Open AlexSun1995 opened 2 years ago
@AlexSun1995 Thanks for opening this issue, I'll try to help.
Can you please take a moment to provide Ruby code that reproduces the issue you're seeing? Please see https://raw.githubusercontent.com/sparklemotion/nokogiri/main/.github/ISSUE_TEMPLATE/3-bug-report.md for guidance on how to do this.
@AlexSun1995 Please help me reproduce what you're seeing?
sorry for late, notice such codes below:
require 'nokogiri'
doc = Nokogiri.XML('<foo><bar />𡏅</foo>', nil, 'EUC-JP')
puts doc.canonicalize()
the output would be:
running on jruby 9.3.2.0, I guess it's some java dependencies's bug
On CRuby 3.1.0 I see the correct output:
<foo><bar></bar>陝</foo>
On JRuby 9.3.2.0 I see:
<foo><bar></bar>??</foo>
So, yes, this appears to be an issue with the underlying JRuby implementation.

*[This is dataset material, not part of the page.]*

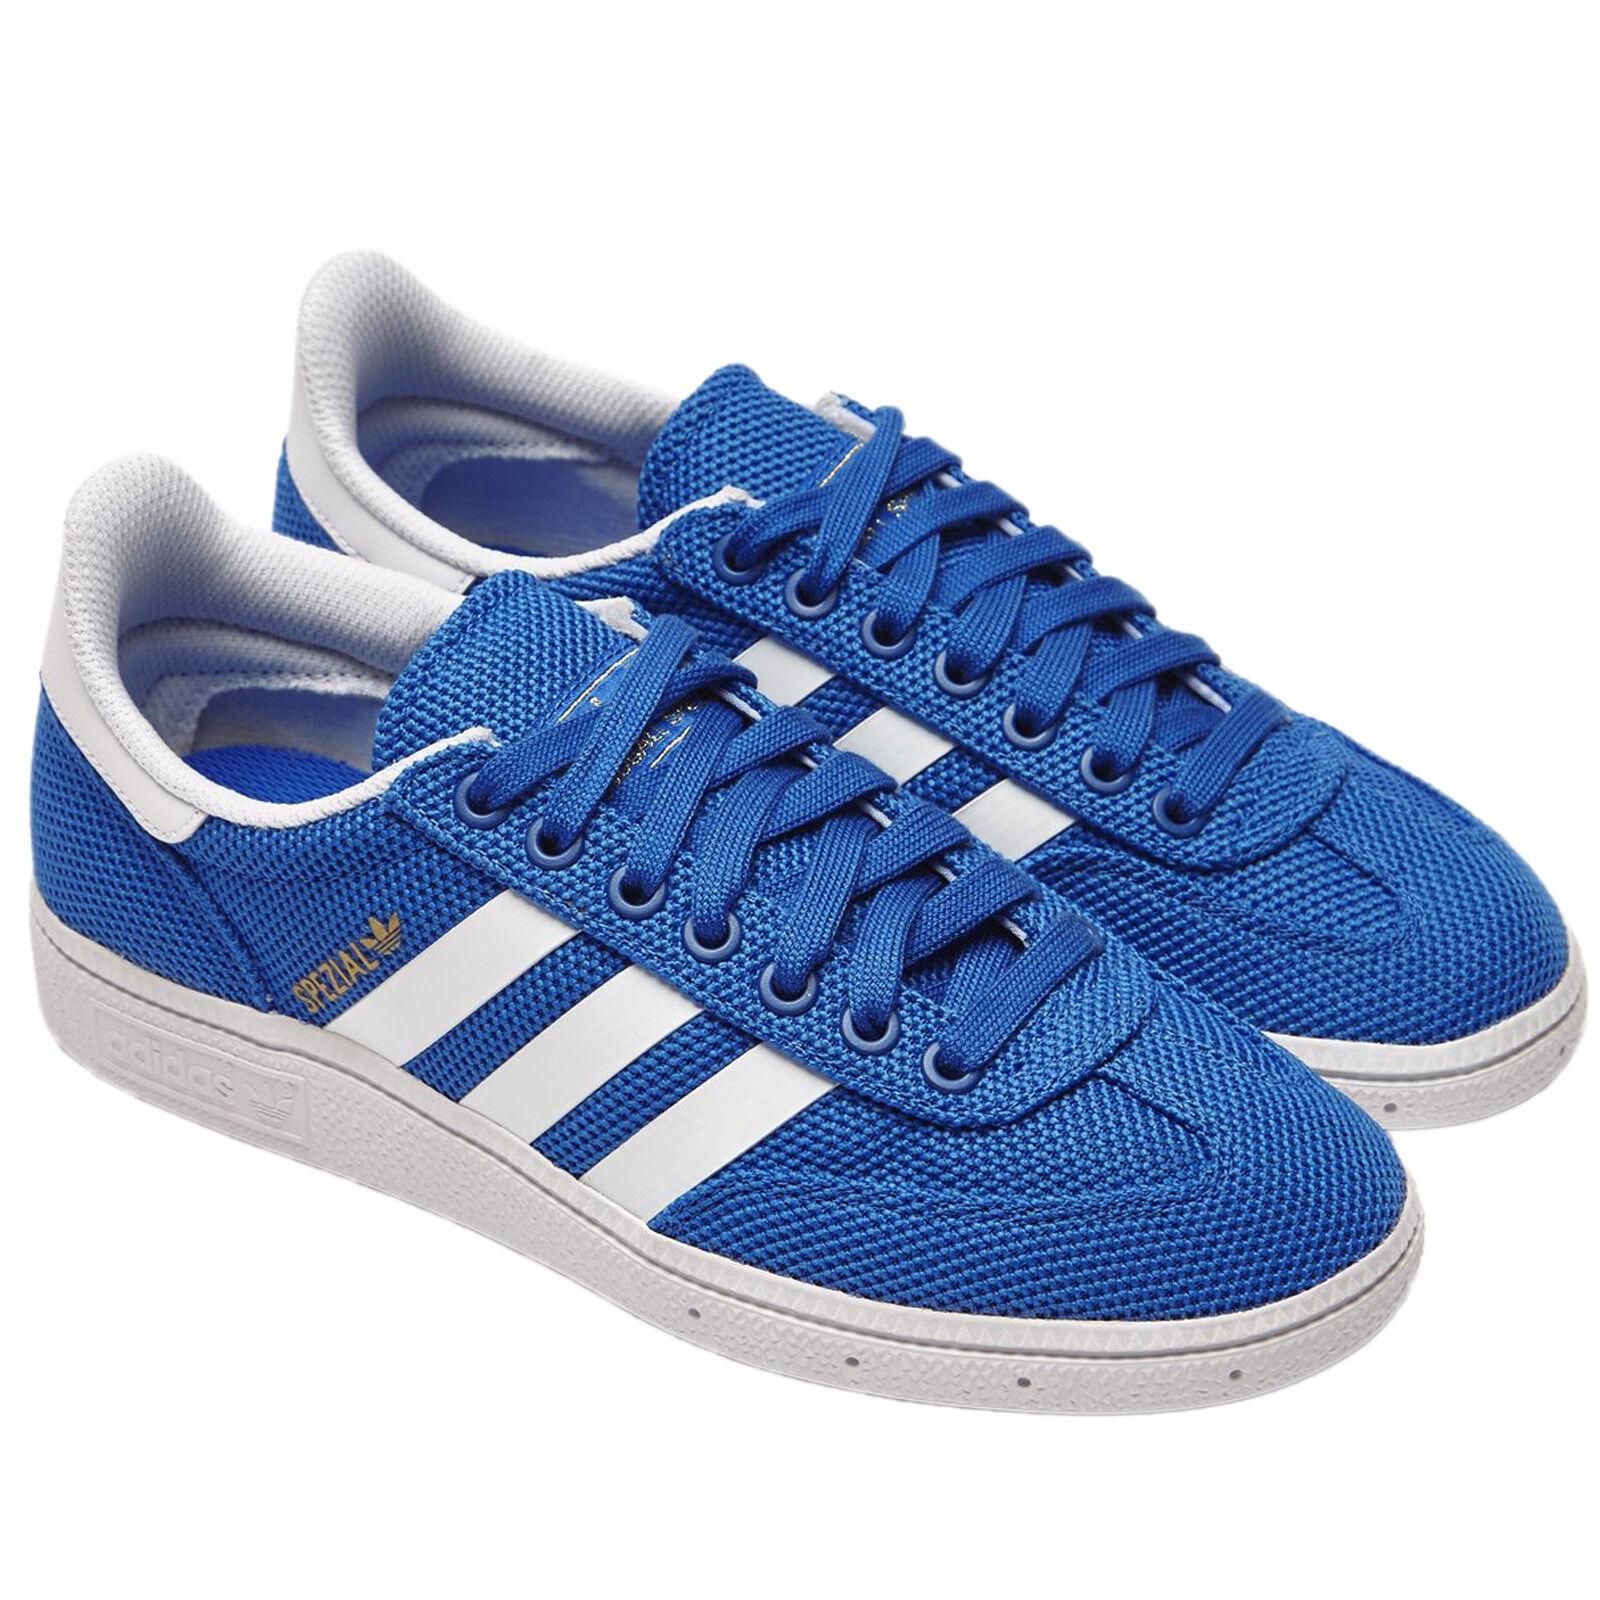 Adidas Originals Spécial Hommes Femmes Sneaker en en Sneaker Cuir De Loisirs Chaussures De Sport e3b4da

I will take a look.
Looks like recent JDK implementations have moved to use writeCodepointToUtf8
, we can probably do that.
I'd like to remove the c14n code from Nokogiri and instead use the upstream JDK jars for this. That will be much easier to do once #1253 and #1967 get merged.
Good news: by moving to org.apache.santuario:xmlsec:2.3.0
, the encoding test you provided passes on JRuby.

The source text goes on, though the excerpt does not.